Llegado a este punto, siente la tentación de detenerse a racionalizar cada uno de estos detalles, pero todavía no es momento de hacerlo. No puede permitir que los recuerdos de su ensoñación se diluyan y decide abocarse a otra de sus imágenes: los seis ojos enrojecidos. No cabe duda de que esa bestia era Cerbero, el monstruoso perro de tres cabezas que, según el falso Hernán, José iba a tener que adormecer para poder analizarlo. Pues bien, Pablo lo ha hecho, y ahora puede avanzar seguro por el camino que conduce al infierno personal de Santana. Solo le resta descifrar los extraños símbolos tallados en el sarcófago y, aunque durante la pesadilla no fue capaz de vislumbrar su significado oculto, en este momento lo hace con toda facilidad. Entonces, como si un relámpago iluminara de golpe una noche cerrada, las piezas del rompecabezas se acomodan en su mente hasta desnudar toda la verdad.

Recuerda lo que Dante le dijo al Gitano durante una de sus sesiones, y acuerda. Tenían razón los egipcios: quien conoce el nombre de alguien tiene potestad sobre él, y ahora Rouviot lo conoce.
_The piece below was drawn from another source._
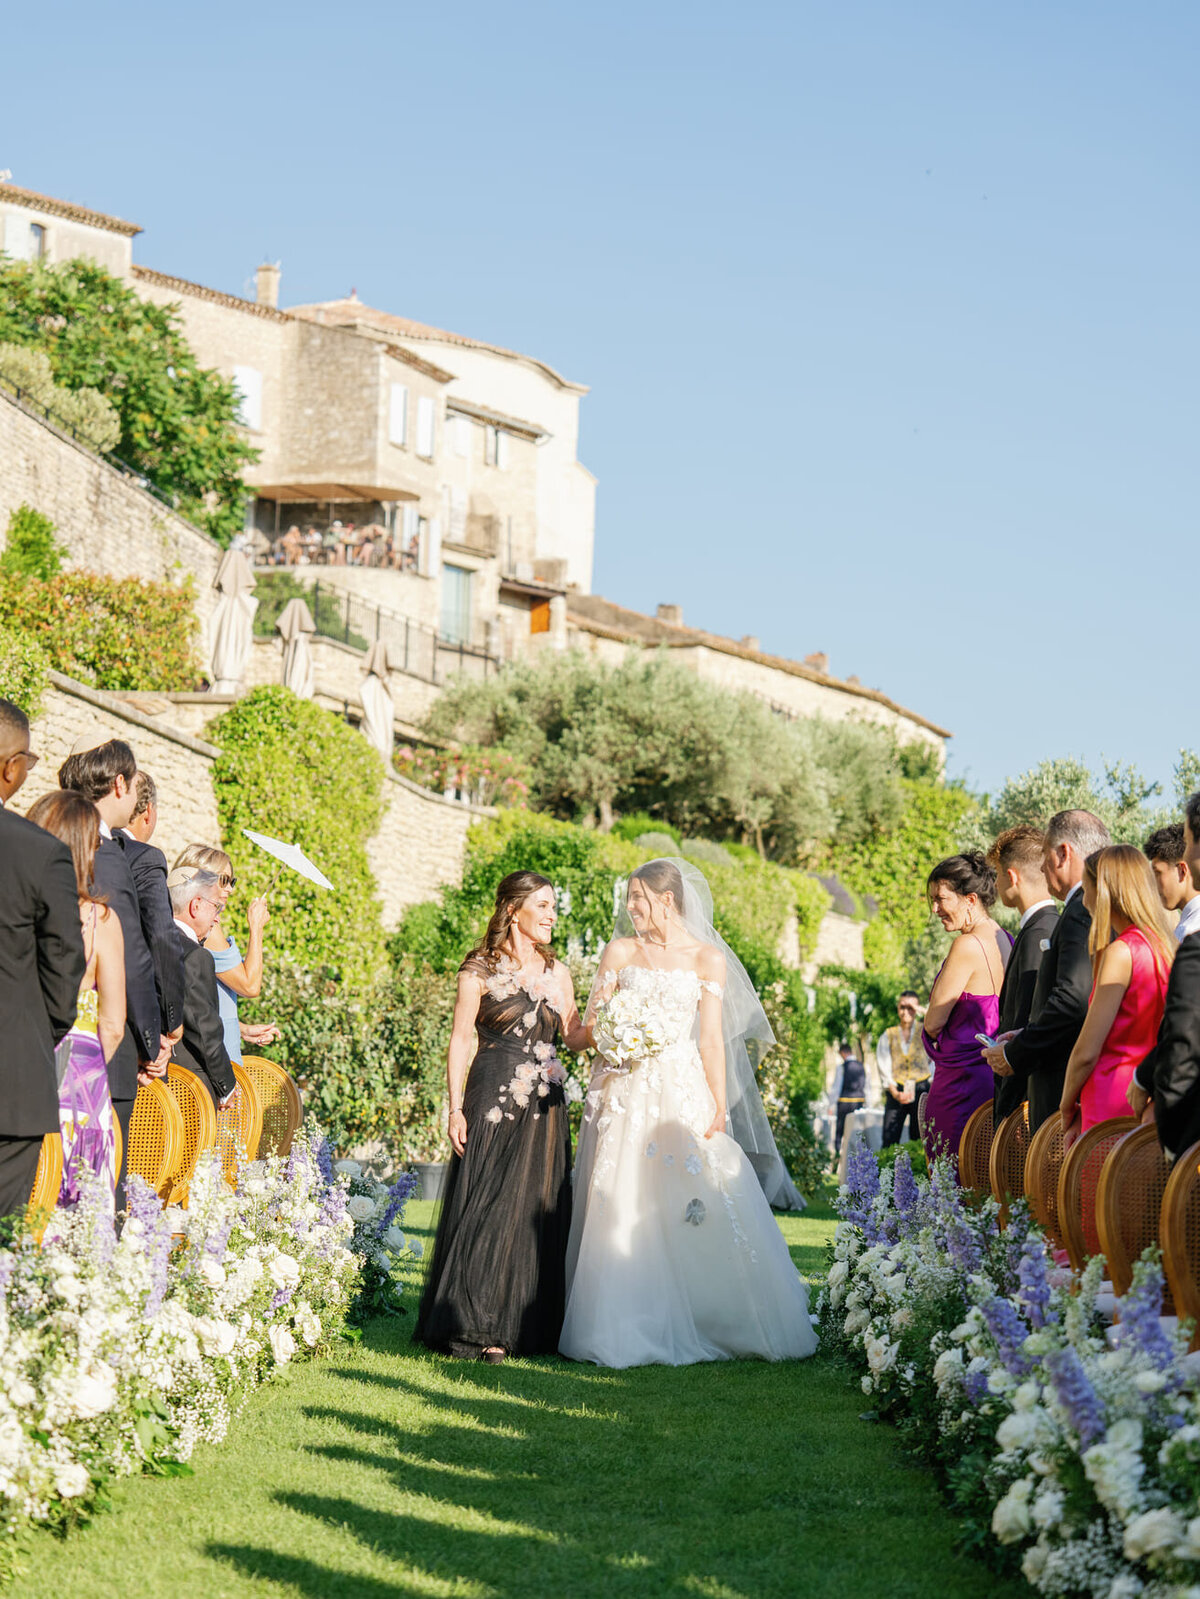 bespoke-garden-style-wedding-ceremony-in-france

—¿Cómo no lo vi antes? —se pregunta a la vez que sale disparado hacia el cuarto.

Se viste con lo primero que encuentra y camina rumbo al pasillo. Llama al ascensor, pero está demasiado ansioso para esperarlo, así que baja corriendo las escaleras hasta llegar a la puerta de calle. Aunque el clima es frío, su cuerpo está mojado por el sudor. Maldice por no encontrar ningún taxi. Sin embargo, debe calmarse. Sabe que lo espera un momento difícil, pero inevitable. Por fin, divisa a lo lejos la luz roja en el parabrisas y hace señas para que el conductor se detenga. Cuando se sube al auto, toma su celular y llama. Sabe que no van a estar felices de escuchar su voz, pero sabe también que, con lo que tiene para decir, no les va a quedar más opción que recibirlo.